At The Cloisters, we do not encounter the numbers of the dead that we are accustomed to seeing in the newspapers. Instead, The Cloister’s encourage us to think about representations of only one death. This contemplative relationship that The Cloisters encourages is important: it can renew the art for us so that we can allow ourselves to be renewed. Percy Shelley says about poetry:
The great secret of morals is Love; or a going out of our own nature, and an identification of ourselves with the beautiful which exists in thought, action or person, not our own. A man to be greatly good, must imagine intensely and comprehensively; he must put himself in the place of another and of many others; the pains and pleasures of his species must become his own. The great instrument of moral good is the imagination: and poetry administers to the effect by acting upon the cause. Poetry enlarges the circumference of the imagination.[ii]
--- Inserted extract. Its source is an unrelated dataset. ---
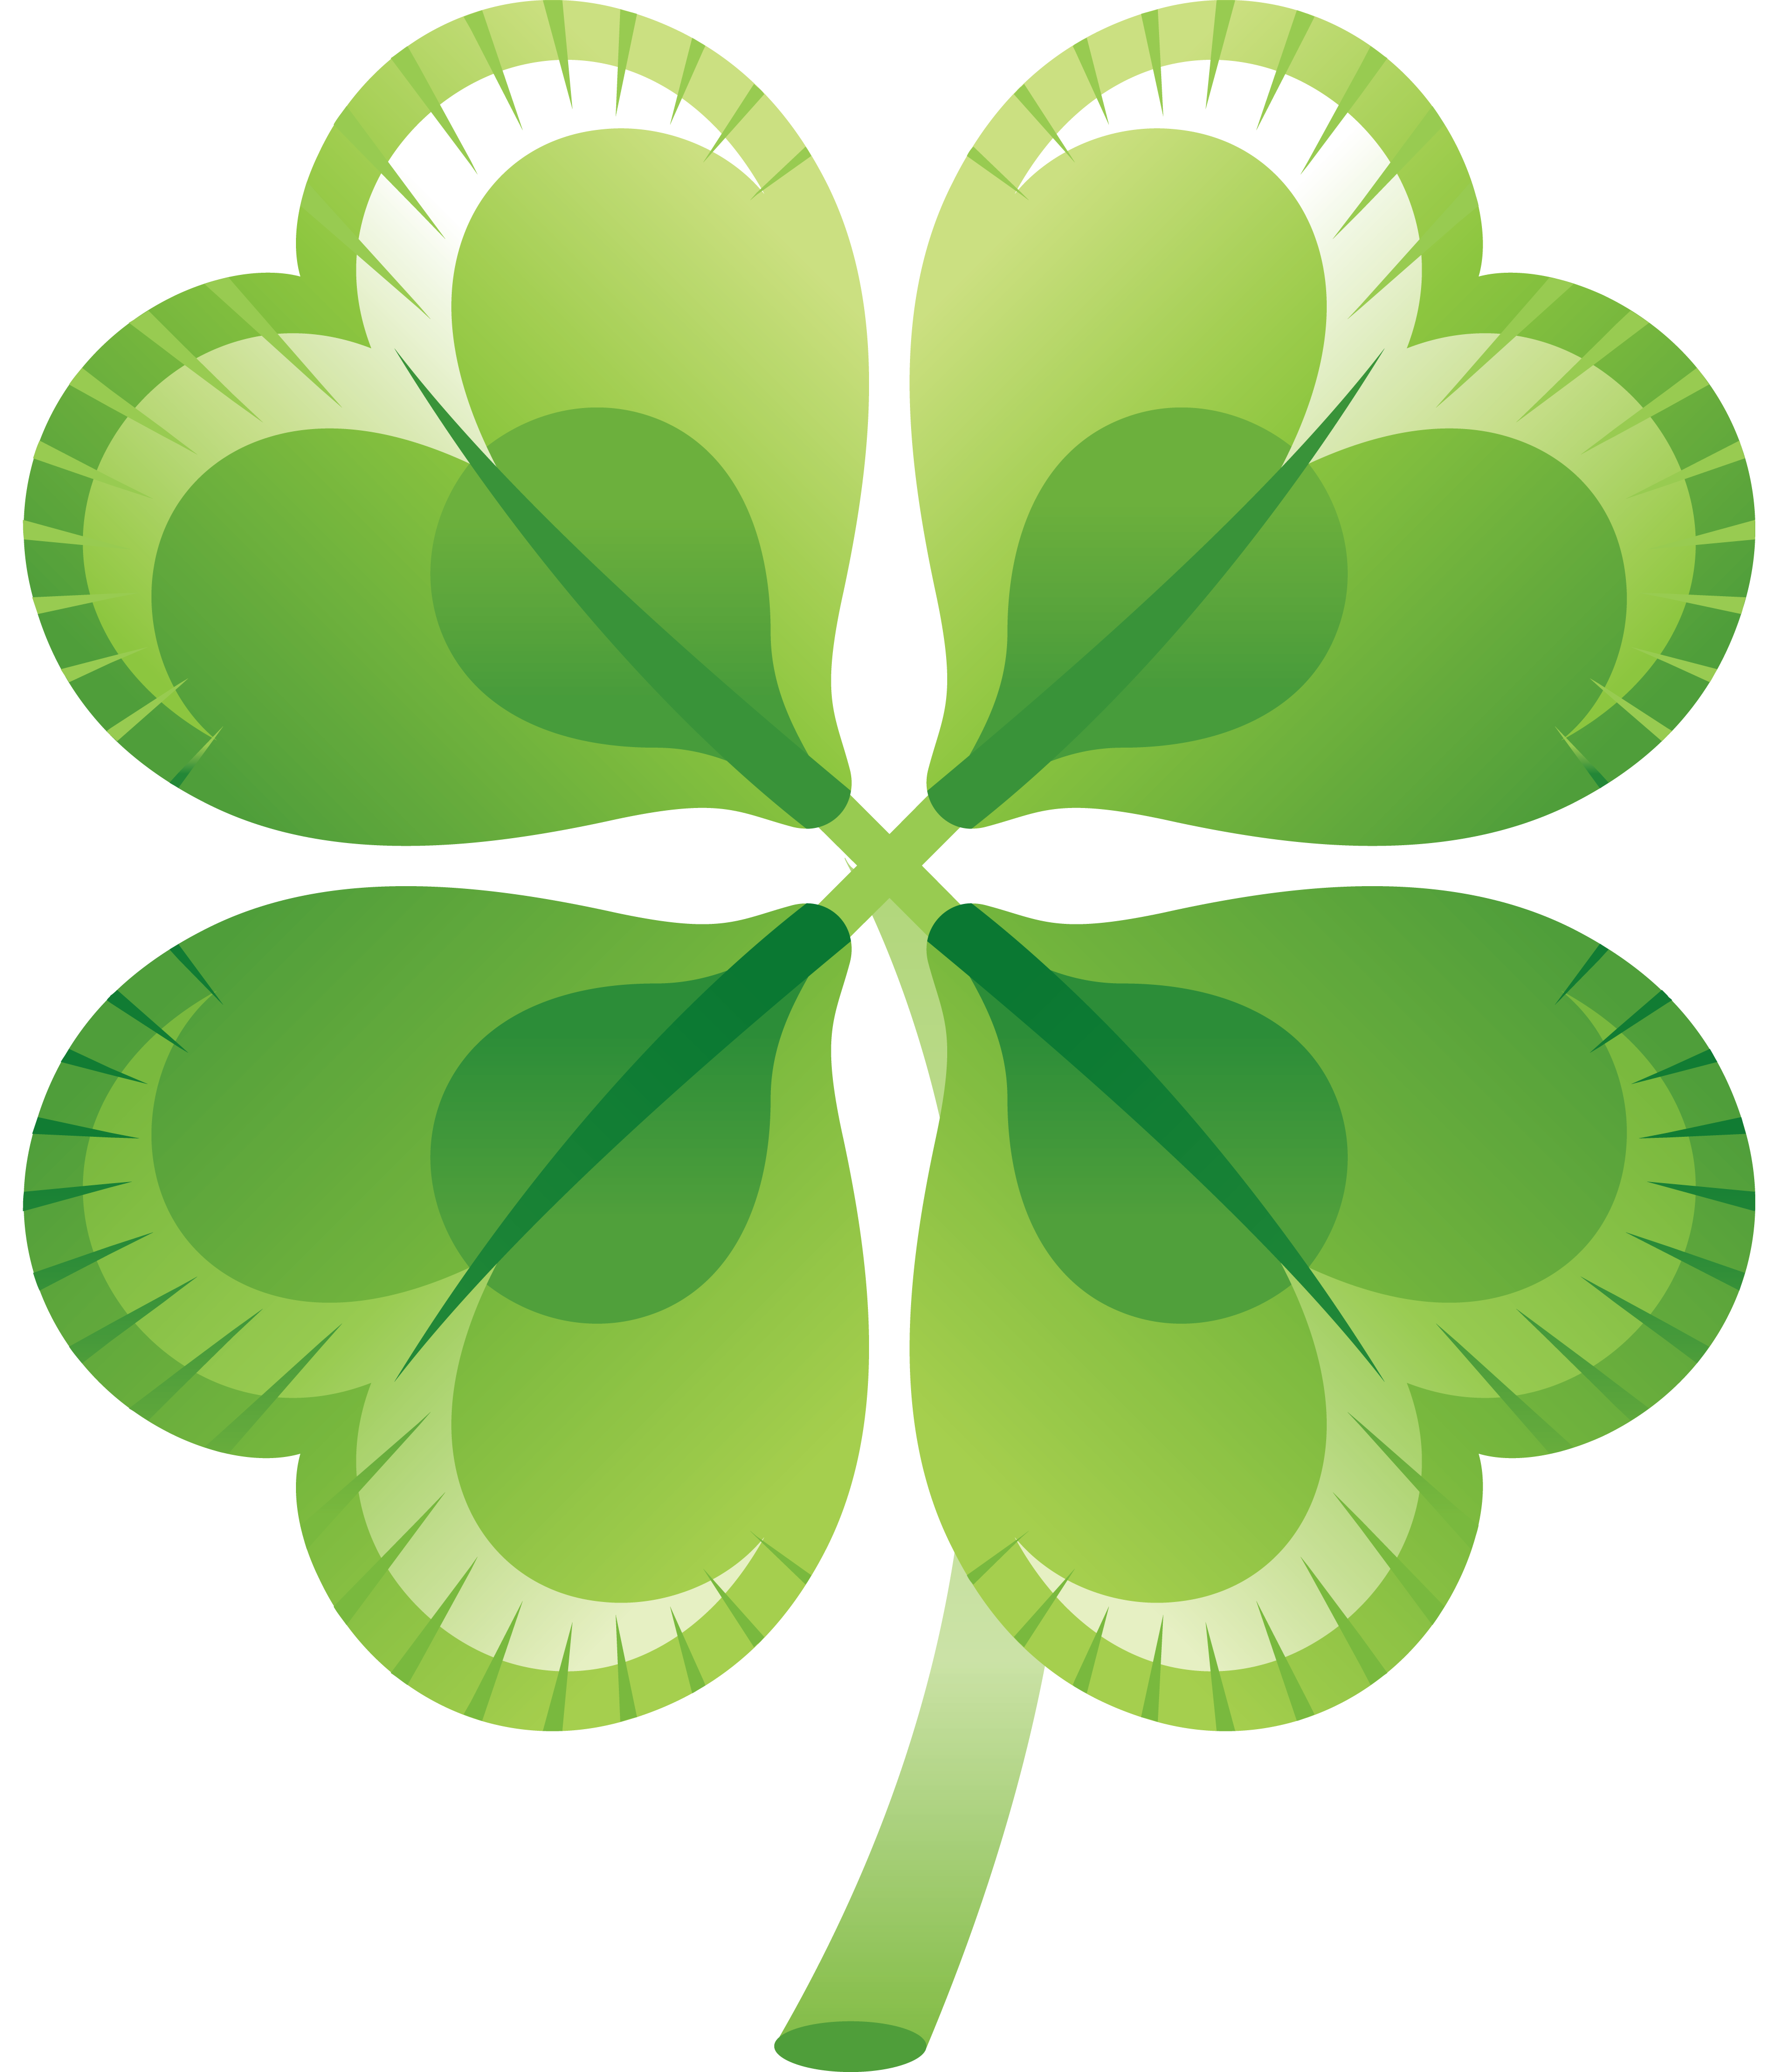 Green clover PNG image

So it should be with art. After numerous viewings of the anonymous Pieta, I still understand its significance only at an intellectual level. Looking at Christ, one senses that this is how the world responds to Love. Looking at Mary, one senses that this is how God wants us to respond to indifference and the suffering that it causes.
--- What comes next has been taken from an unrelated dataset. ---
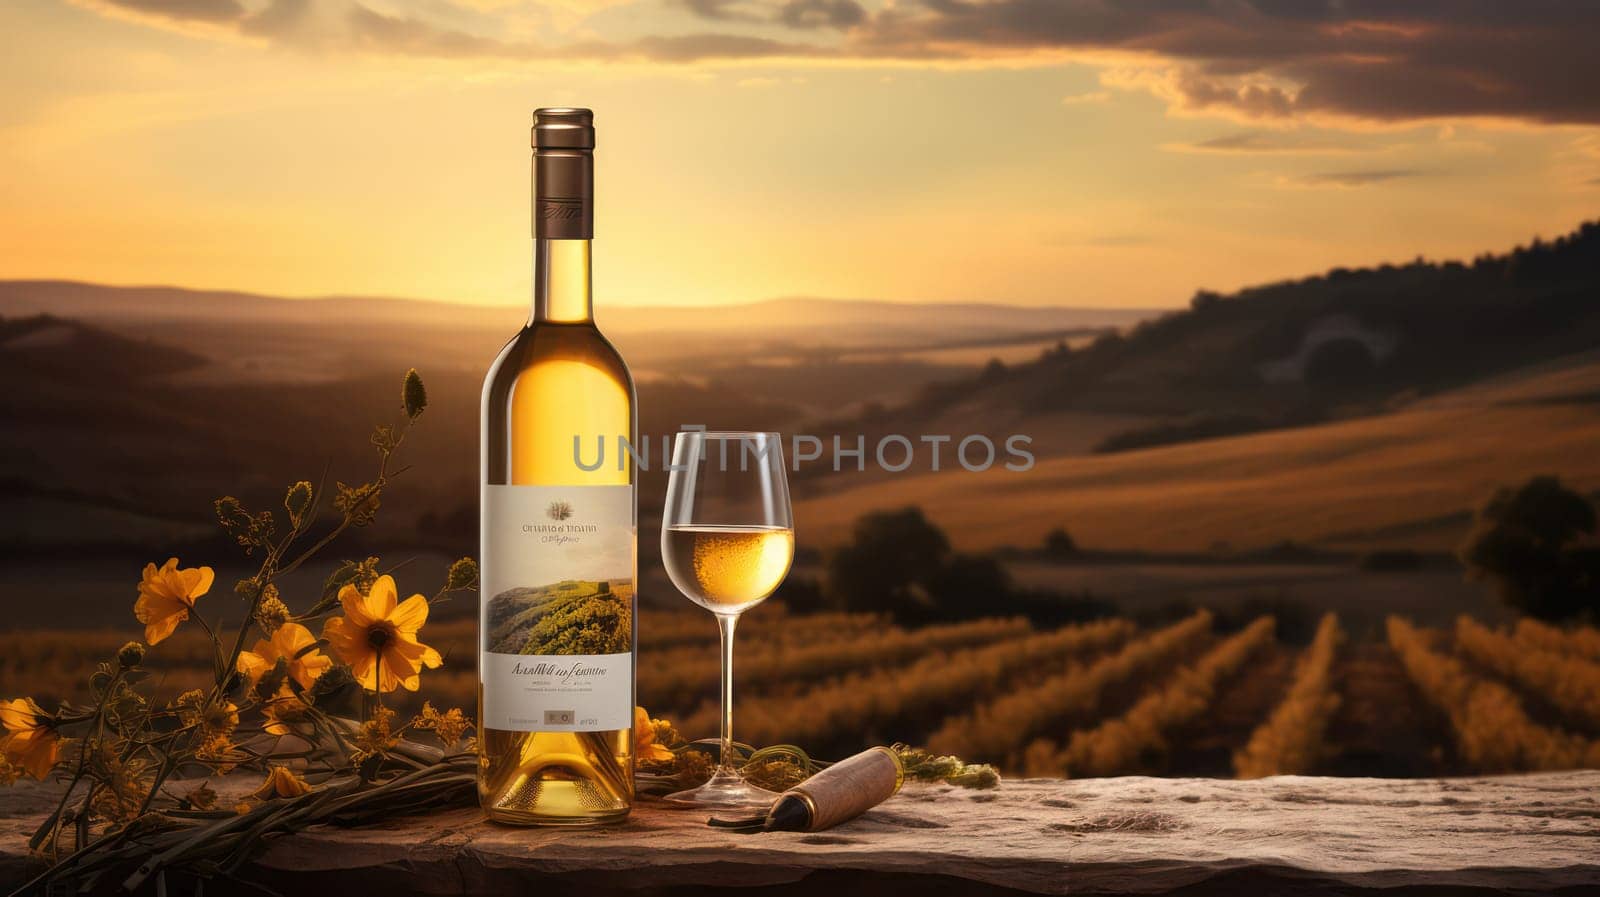 Romantic Wine Tasting in the Italian Countryside: A Still Life of Wine Bottles, Glasses, and Cheese, Surrounded by Lush Autumn Vineyards, with a Breathtaking Sunset over the Valley and Hills. by Vichizh

I bought a postcard of the Pieta, hoping that it would remind me to think not just about art, but also about compassion and sorrow. As the threads of stability unravel in the Holy Land, the prospect of peace taking root throughout the world looks bleak. I wonder how it would be different if we all valued and had access to a space like The Cloisters. The museum invites us into an empathetic relationship with the human particular. In focusing on works like The Unicorn Tapestries and the Pieta, we are asked to engage with the pains and pleasures of humanity. The Cloisters fosters this engagement through its potential to renew our relationship with art. It is one place that we can take advantage of for furthering our education in the great secret of morals.
Notes
[i]St. Benedict writes in his Rule for monasteries, “All guests who present themselves are to be welcomed as Christ.” The Rule of St. Benedict, Edited by Timothy Fry, O.S.B. (New York: Vintage Spiritual Classics, 1998), p. 51.